DATA SEGMENT>
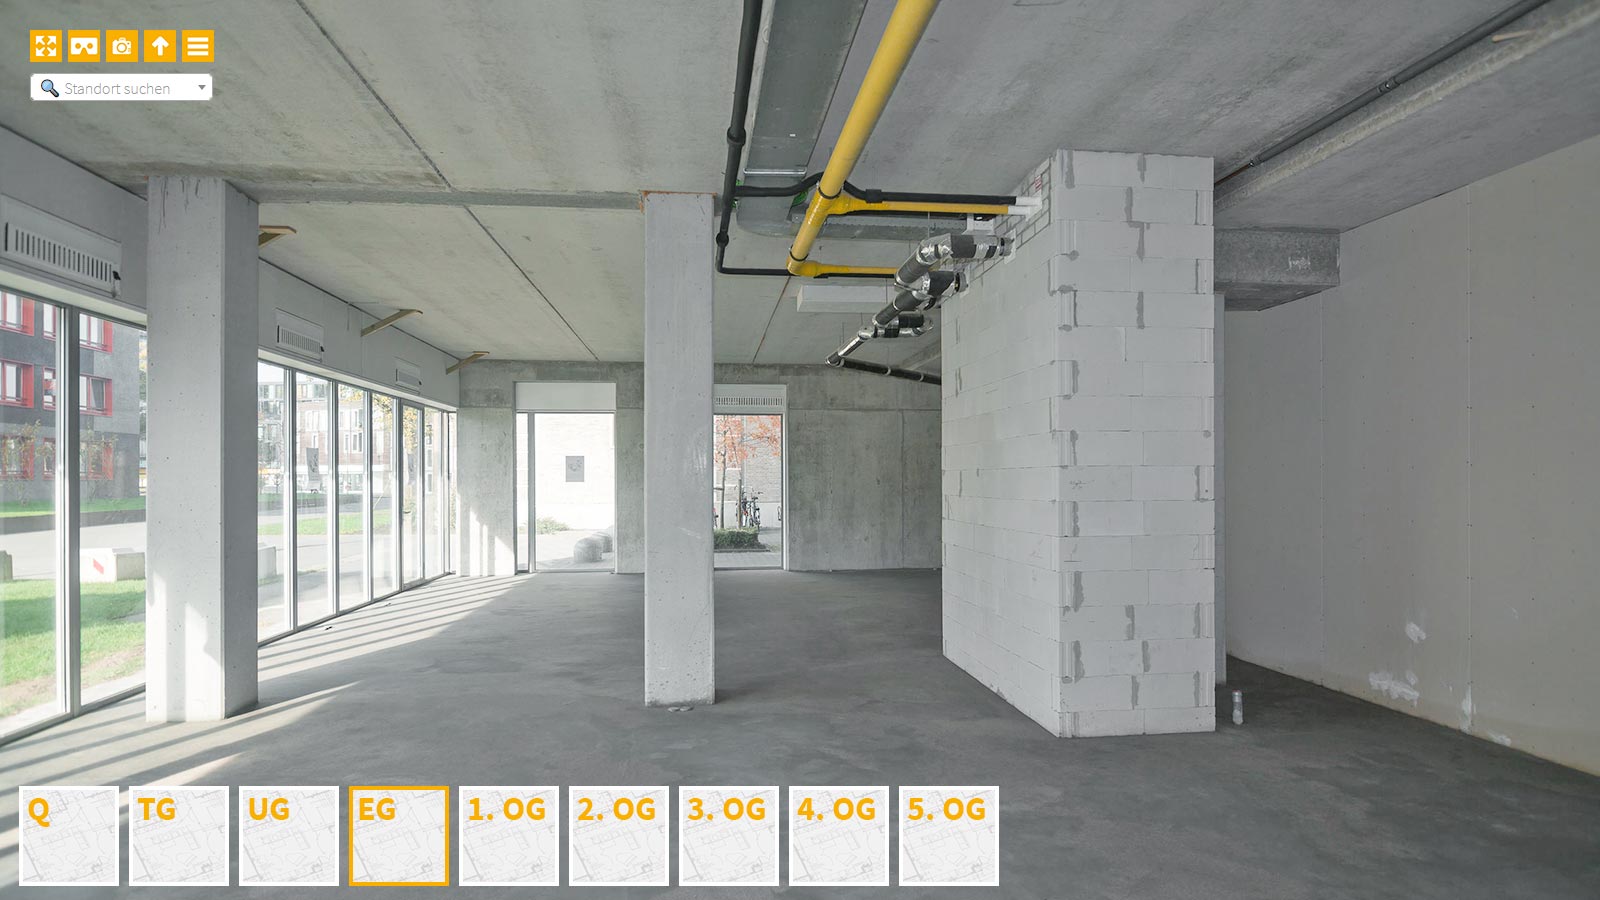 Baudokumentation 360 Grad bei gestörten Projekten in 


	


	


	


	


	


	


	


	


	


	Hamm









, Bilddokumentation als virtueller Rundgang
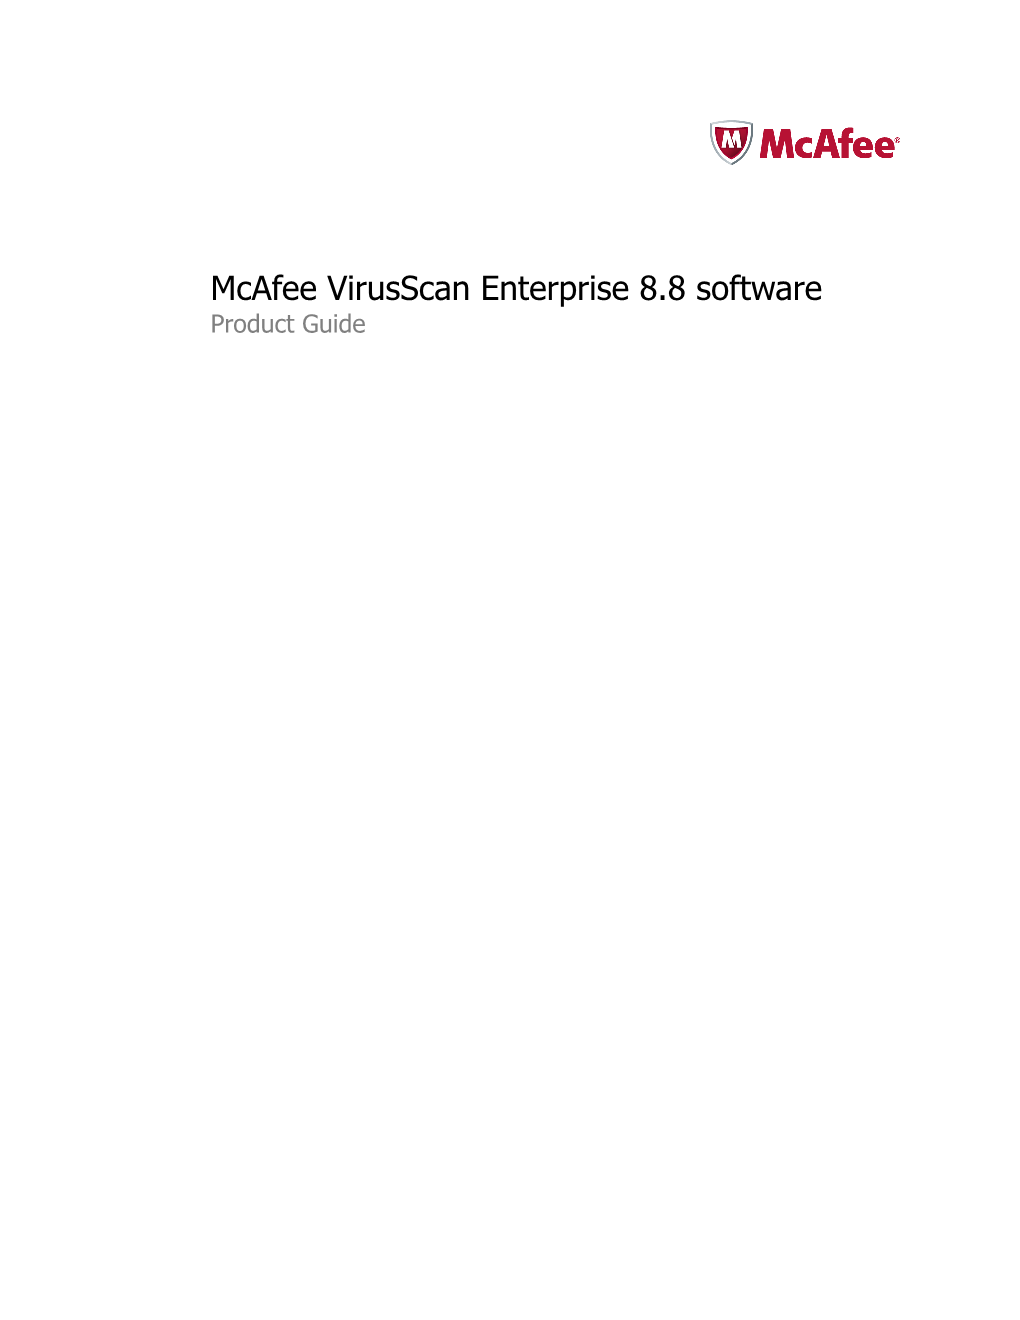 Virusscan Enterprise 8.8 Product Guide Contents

TRY IT> Pictures are to be left out; the listing above is otherwise to be copied exactly.

ANSWER SPACE>
 Baudokumentation 360 Grad bei gestörten Projekten in 


	


	


	


	


	


	


	


	


	


	Hamm









, Bilddokumentation als virtueller Rundgang
 Virusscan Enterprise 8.8 Product Guide Contents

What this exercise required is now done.